NickD
NickD

Reputation: 69

Wait till all Observables are completed

I have few Observables like this one in my code.

this.server.doRequest().subscribe(response => console.log(response)
      error => console.log(error),
      () => {
        console.log('completed');
      });

There could be any number of these Observables, so I need to write a function that checks if each Observable is done otherwise waits till each is finished.

I'm assuming I can create an array push every new Observable there and when it's completed remove it by index. But is it good solution?

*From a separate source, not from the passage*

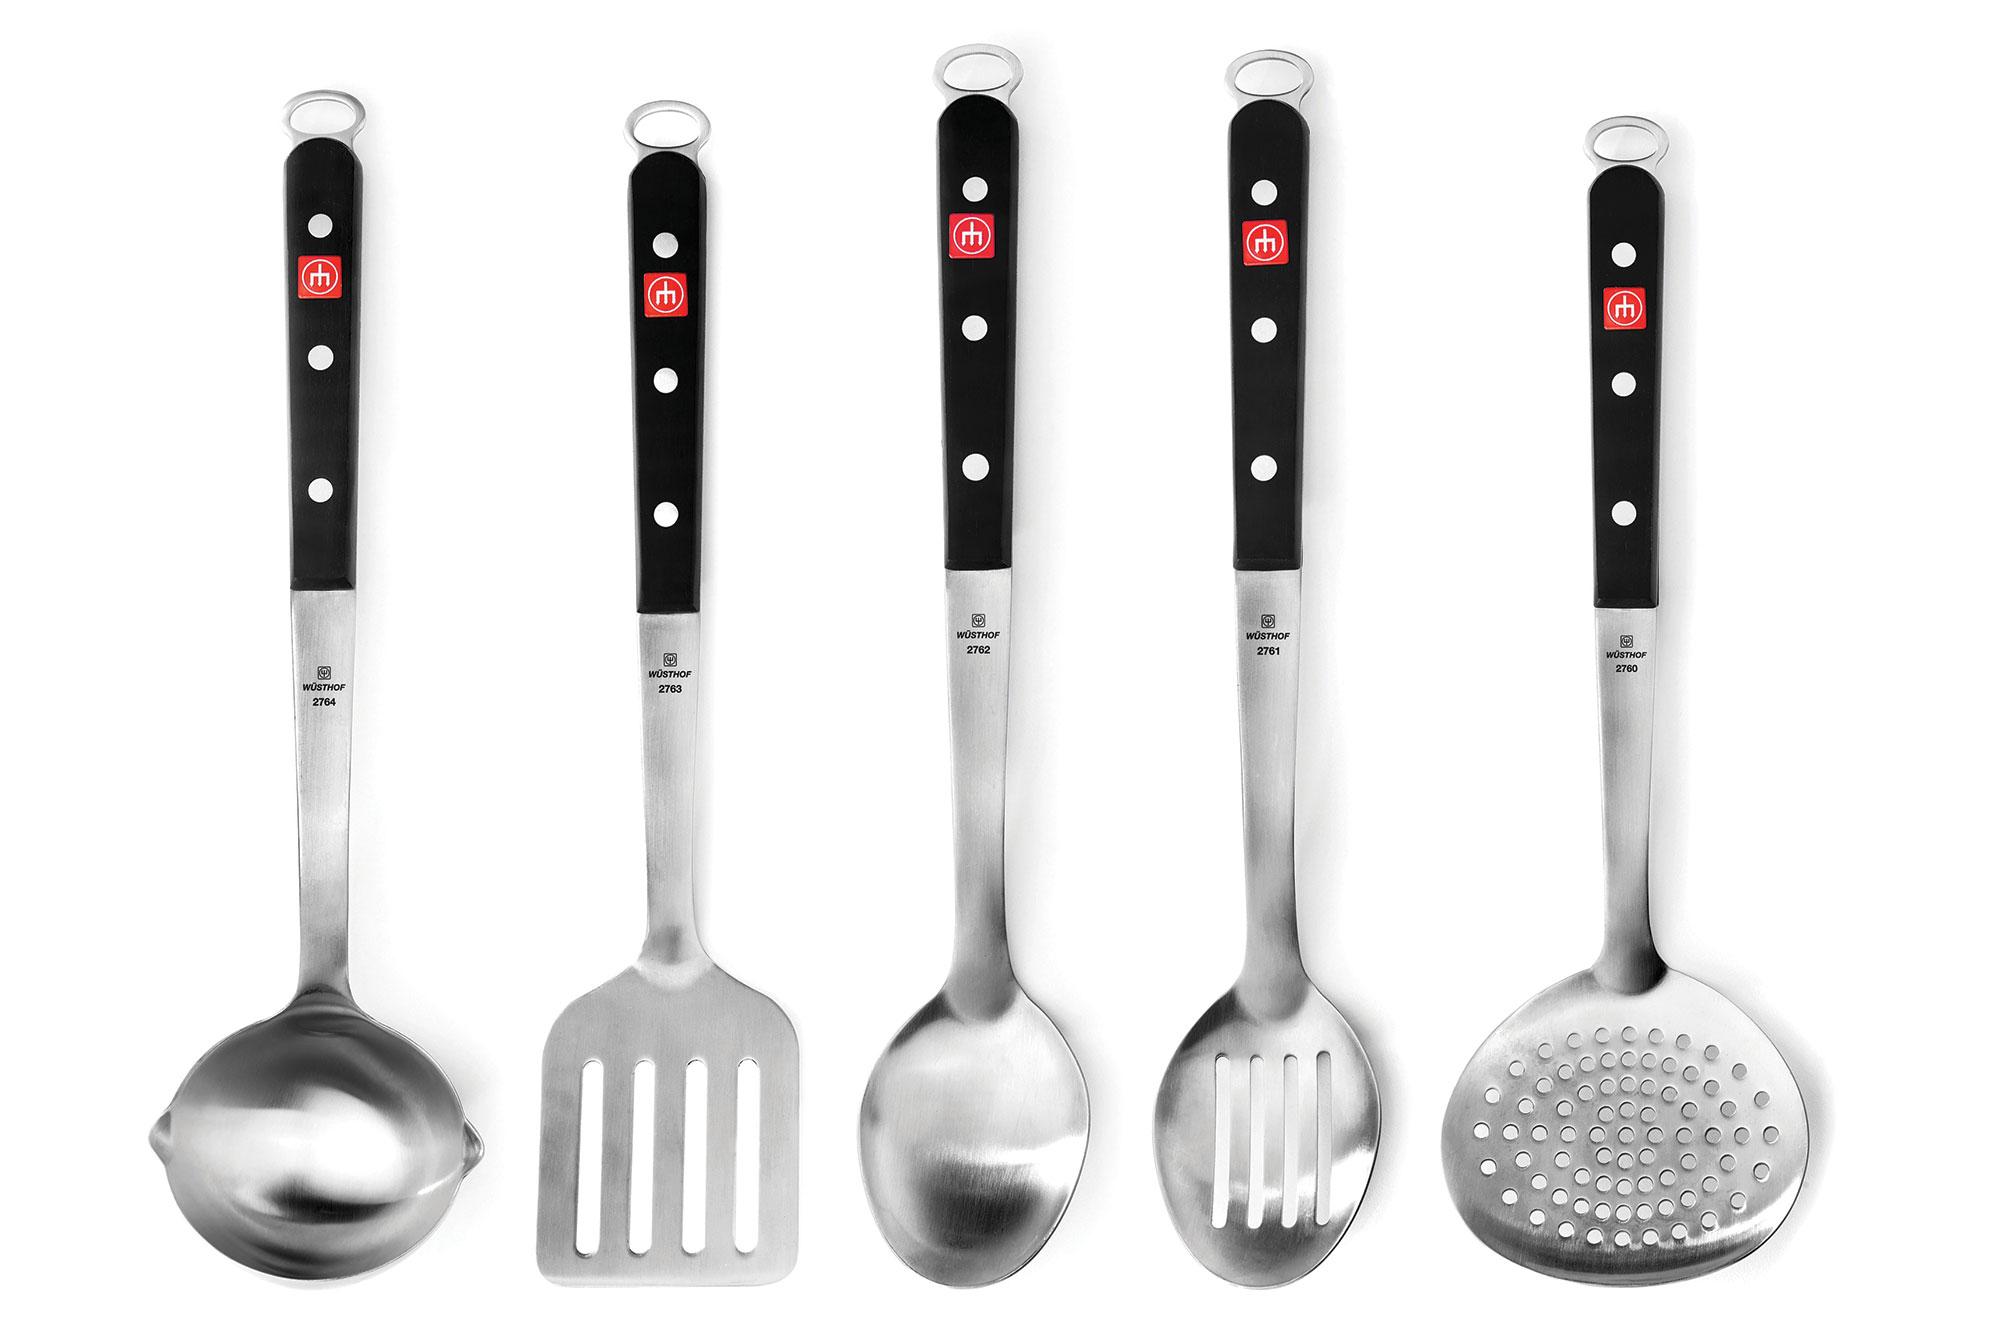 Wusthof Kitchen Utensil Set 5-piece - Tools & Cooking Utensils ...

Where I want to use it. For example I have a page where user upload photos any amount asynchronously and then he press Finish button. Once he pressed Finish button I need to wait till ALL dynamically created Observables are completed.

Upvotes: 3

Views: 8805

Answers (2)

bryan60
bryan60

Reputation: 29355

you should use higher order observables for this, your exact use case will dictate the exact operator, but forkJoin seems a good candidate:

forkJoin(
  this.server.doRequest1(),
  this.server.doRequest2(),
  this.server.doRequest3(),
  this.server.doRequest4()
).subscribe(vals => console.log('all values', vals));

forkJoin won't emit till all innter observables have completed. making it the operator of choice for waiting for multiple observables to complete. You can also feed it an array of observables. There are multiple other operators that may fulfill your case too, such as concat, merge, combineLatest or a few others.

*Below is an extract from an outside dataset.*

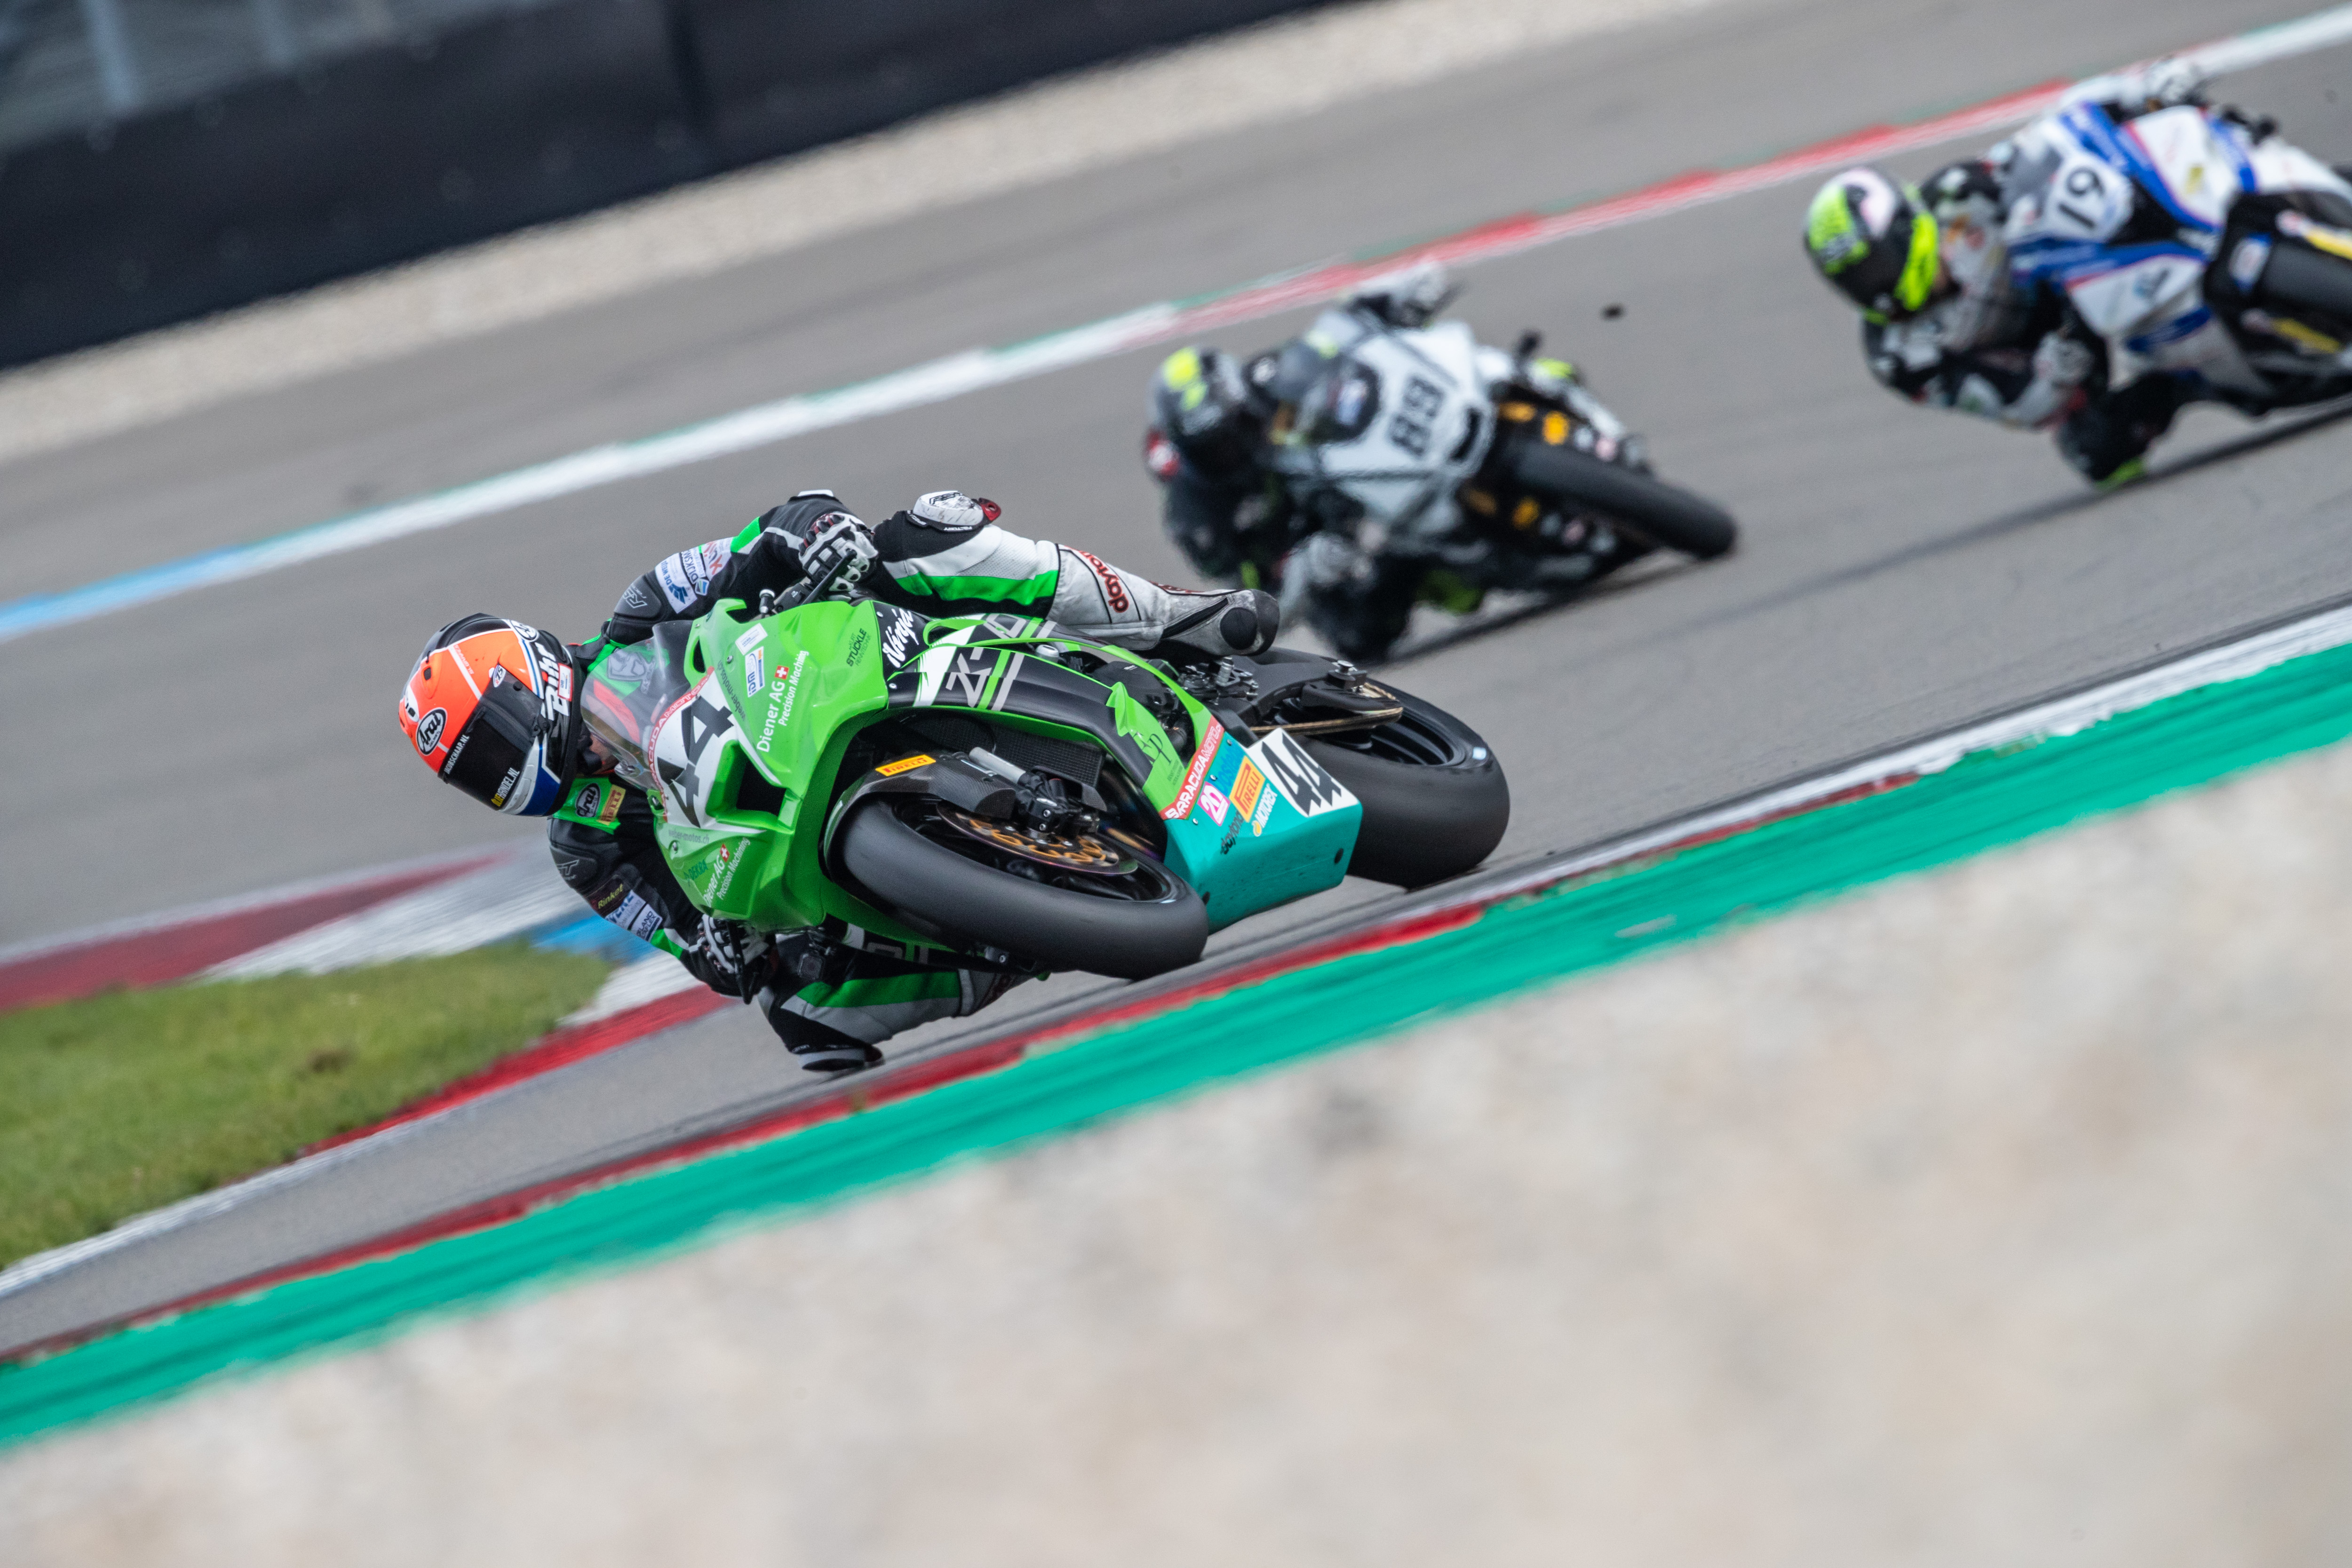 IDM Superbike 1000: Danny de Boer bleibt zu Hause, aber Kawasaki hat einen Plan B

edit based on more details:

in the use case described in your update, you'll still want to use a higher order observable, but forkjoin is not what you want. you'll want to use a local subject to accomplish the goal as wanting to kick off each observable as it is selected and waiting for them all to be done complicates things a little (but not too much):

suppose you had a template like:

<button (click)="addPhoto()">Add Photo</button>

<button (click)="finish()">Finish</button>

where the add photo button gets the users photo and all that, and finish is your completion, you could have a component like this:

private addPhoto$ = new Subject();

constructor() {
  this.addPhoto$.pipe(
    mergeMap(() => this.uploadPhoto()),
  ).subscribe(
    (resp) => console.log('resp', resp),
    (err) => console.log('err', err),
    () => console.log('complete')
  );
}

private uploadPhoto() {
  // stub to simulate upload
  return timer(3000);
}

addPhoto() {
  this.addPhoto$.next();
}

finish() {
  this.addPhoto$.complete();
}

if you run this code, you'll see that the photo adds will emit in the subscribe handler as they complete, but complete will only fire once all the photo uploads have completed and the user has clicked finish.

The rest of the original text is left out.